SAMMaskDecoder class

keras_cv.models.SAMMaskDecoder(
    transformer_dim=256,
    transformer=None,
    num_multimask_outputs=3,
    iou_head_depth=3,
    iou_head_hidden_dim=256,
    activation="gelu",
    **kwargs
)

Mask decoder for the Segment Anything Model (SAM).

This lightweight module efficiently maps the image embedding and a set of prompt embeddings to an output mask. Before applying the transformer decoder, the layer first inserts into the set of prompt embeddings a learned output token embedding that will be used at the decoder’s output. For simplicity, these embeddings (not including the image embedding) are collectively called “tokens”.

The image embeddings, positional image embeddings, and tokens are passed through a transformer decoder. After running the decoder, the layer upsamples the updated image embedding by 4x with two transposed convolutional layers (now it’s downscaled 4x relative to the input image). Then, the tokens attend once more to the image embedding and the updated output token embedding are passed to a small 3-layer MLP that outputs a vector matching the channel dimension of the upscaled image embedding. Finally, a mask is predicted with a spatially point-wise product between the upscaled image embedding and the MLP’s output.

Arguments

  • transformer_dim (int, optional): The number of input features to the transformer decoder. Defaults to 256.
  • transformer (keras.layers.Layer, optional): A transformer decoder. Defaults to None. When None, a keras_cv.models.TwoWayTransformer layer is used.
  • num_multimask_outputs (int, optional): Number of multimask outputs. The model would generate these many extra masks. The total masks generated by the model are 1 + num_multimask_outputs. Defaults to 3.
  • iou_head_depth (int, optional): The depth of the dense net used to predict the IoU confidence score. Defaults to 3.
  • iou_head_hidden_dim (int, optional): The number of units in the hidden layers used in the dense net to predict the IoU confidence score. Defaults to 256.
  • activation (str, optional): Activation to use in the mask upscaler network.

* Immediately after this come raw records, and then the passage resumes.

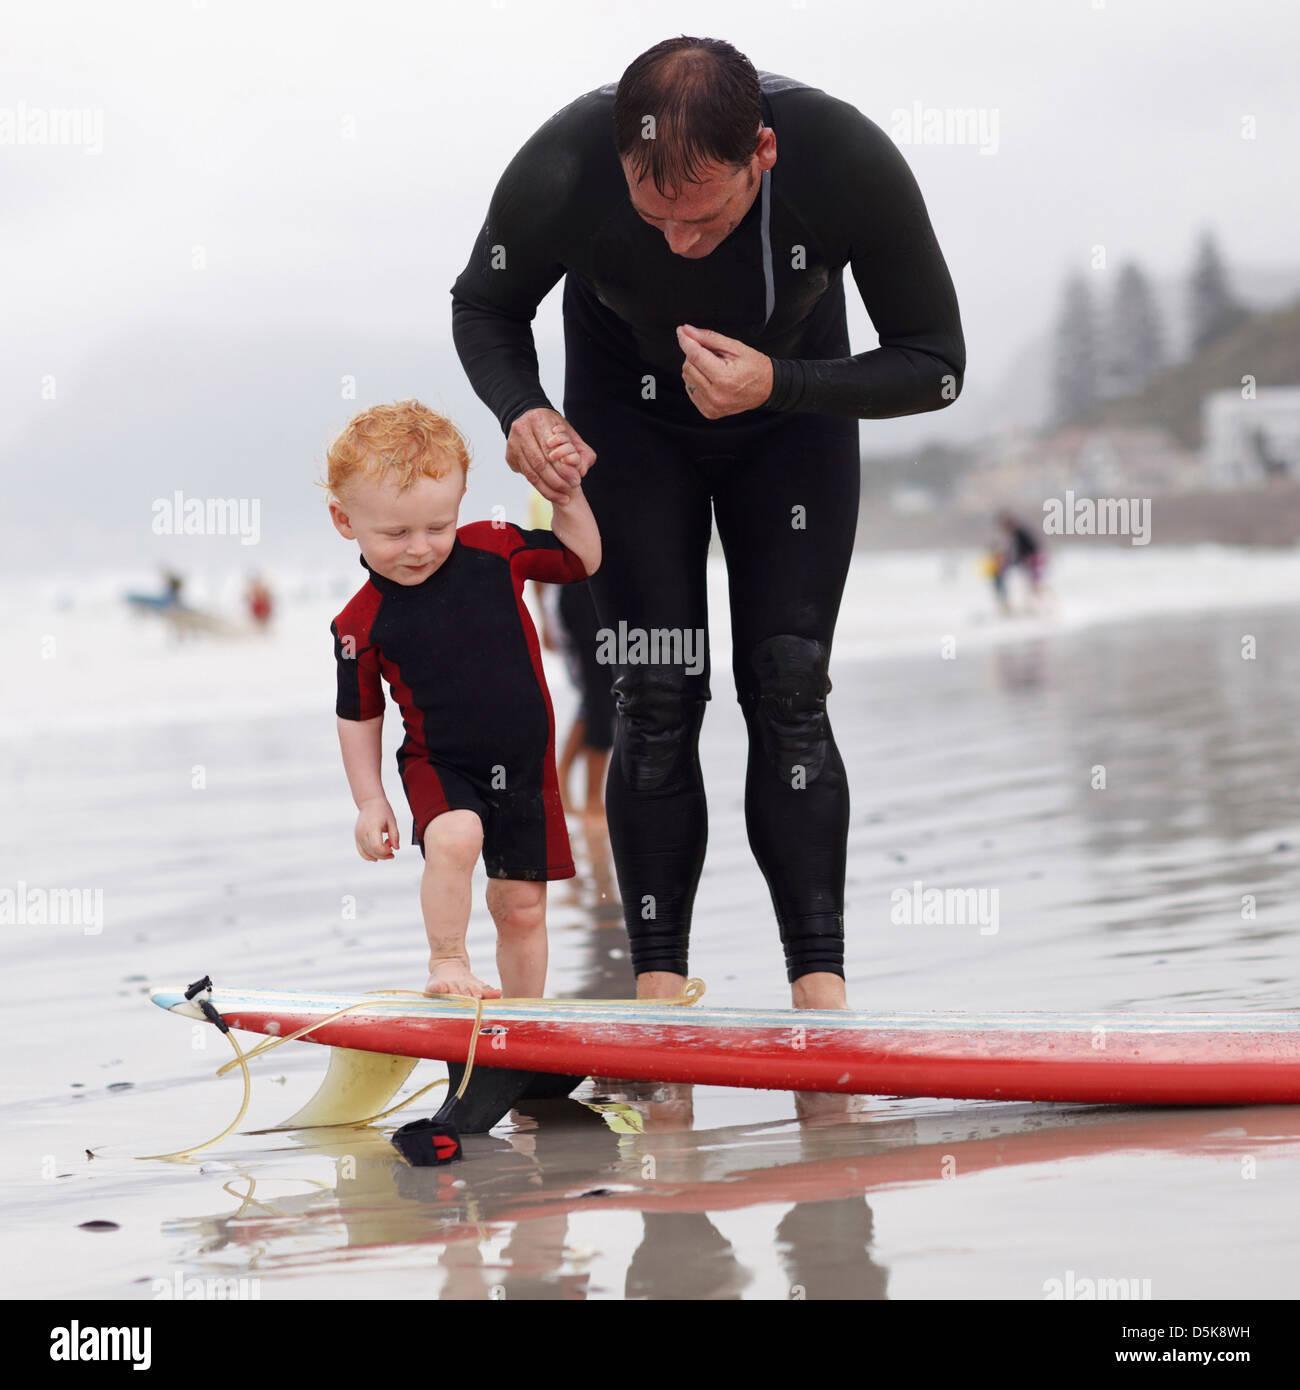 Vater und Sohn (2-3) am Strand von Surfbrett Stockbild
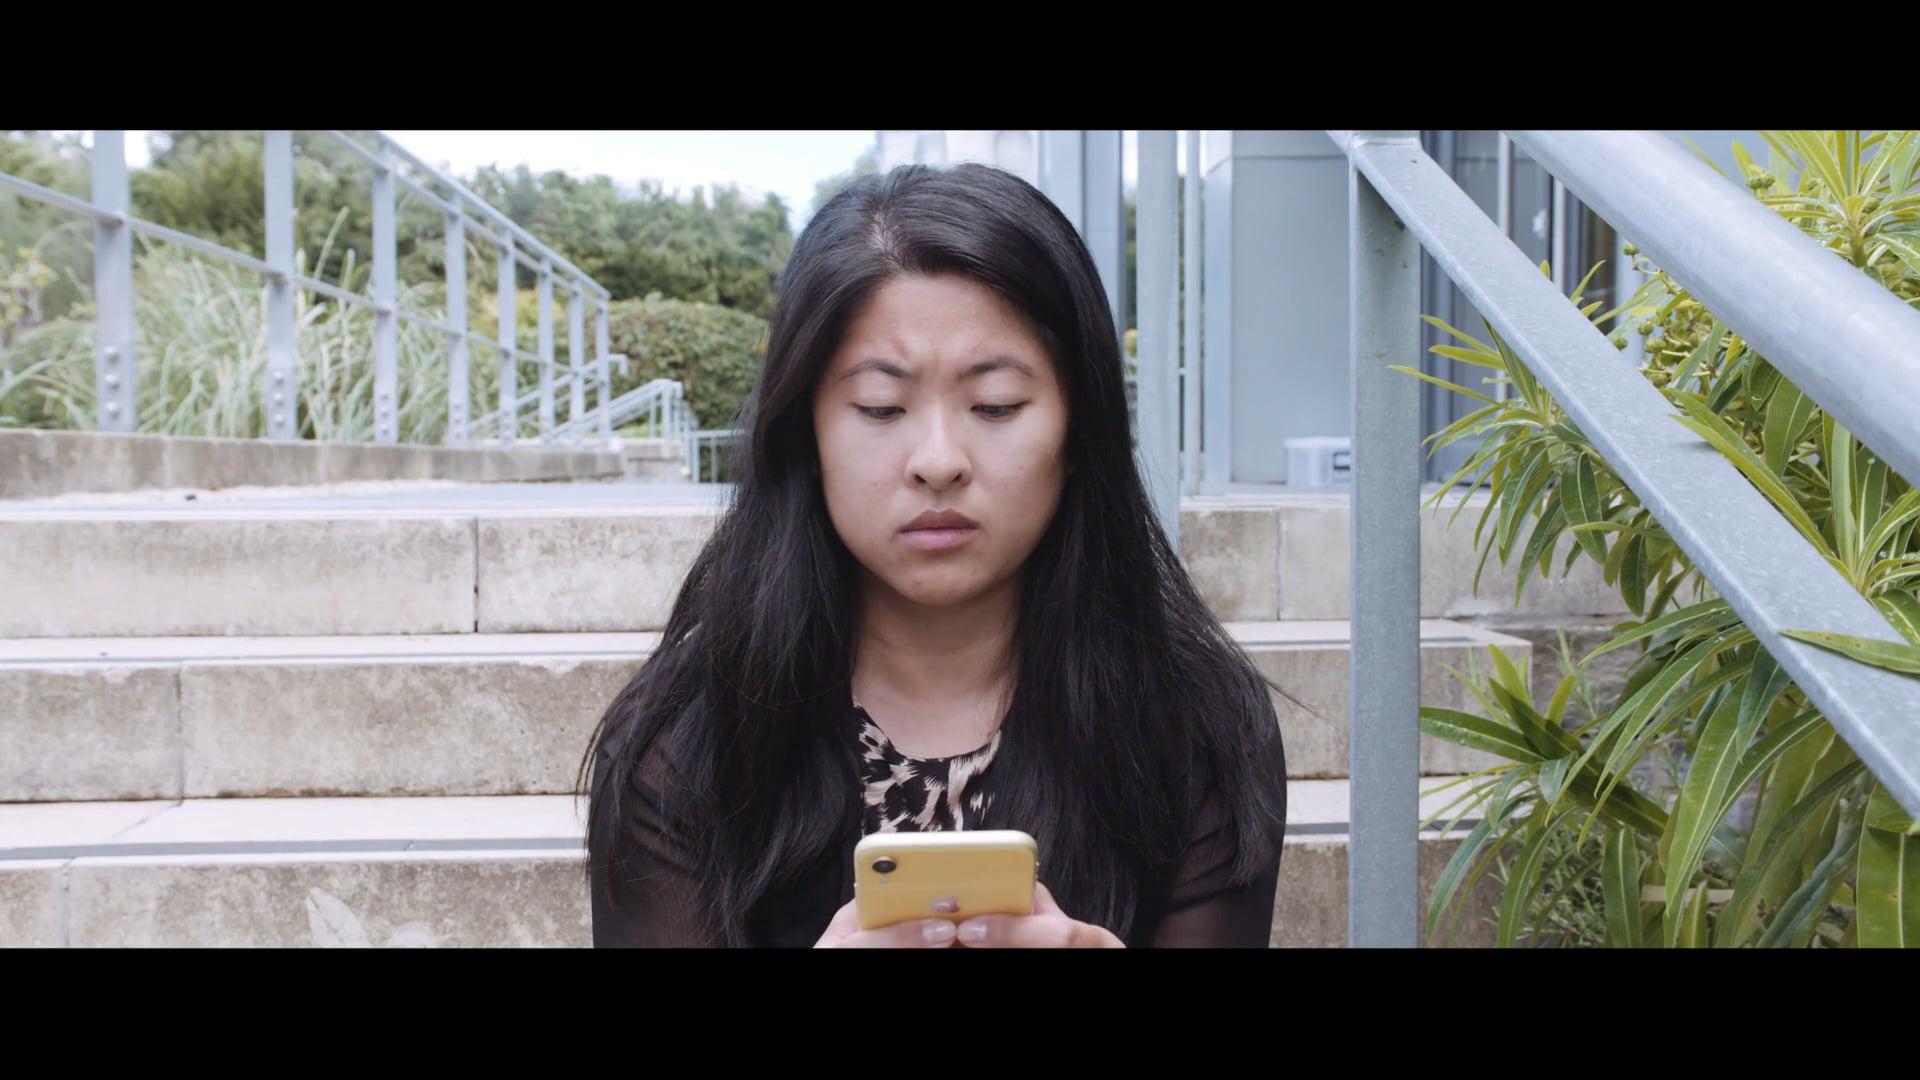 The Newsroom - Christine Fang as MacKenzie McHale
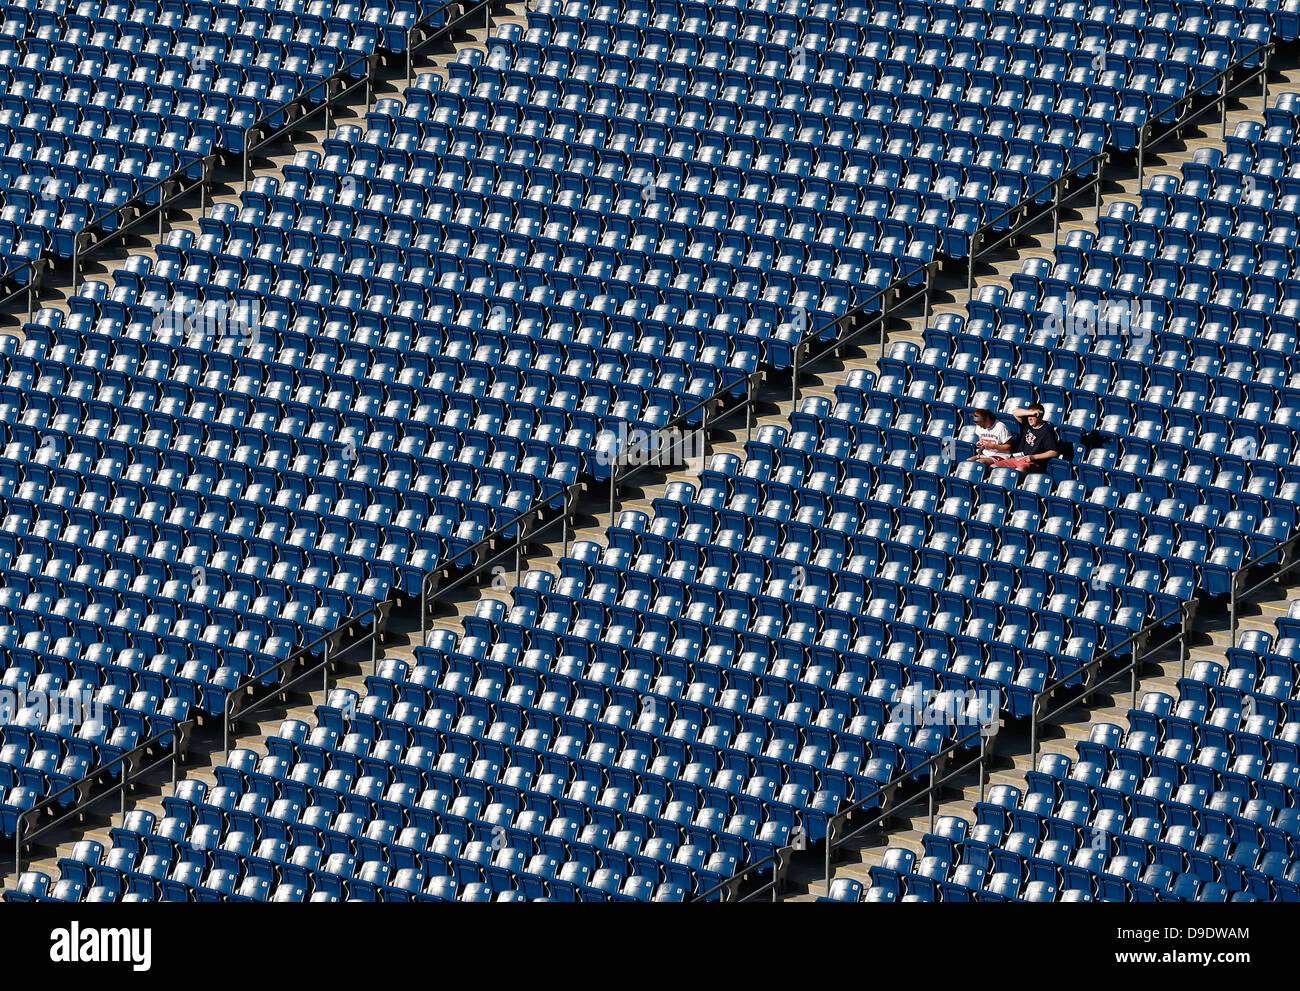 two people sitting in empty stadium - Stock Image

Defaults to "gelu".

References

source

SAMPromptEncoder class

keras_cv.models.SAMPromptEncoder(
    embed_dim=256,
    image_embedding_size=(64, 64),
    input_image_size=(1024, 1024),
    mask_in_chans=16,
    activation="gelu",
    **kwargs
)

Prompt Encoder for the Segment Anything Model (SAM).

The prompt encoder generates encodings for three types of prompts:

  • Point prompts: Points on the image along with a label indicating whether the point is in the foreground (part of the mask) or in the background (not a part of the mask).
  • Box prompts: A batch of bounding boxes with format [(x1, y1), (x2, y2)] used to determine the location of the masks in the image.
  • Masks: An input mask can be passed to refine the positional embeddings for the output mask.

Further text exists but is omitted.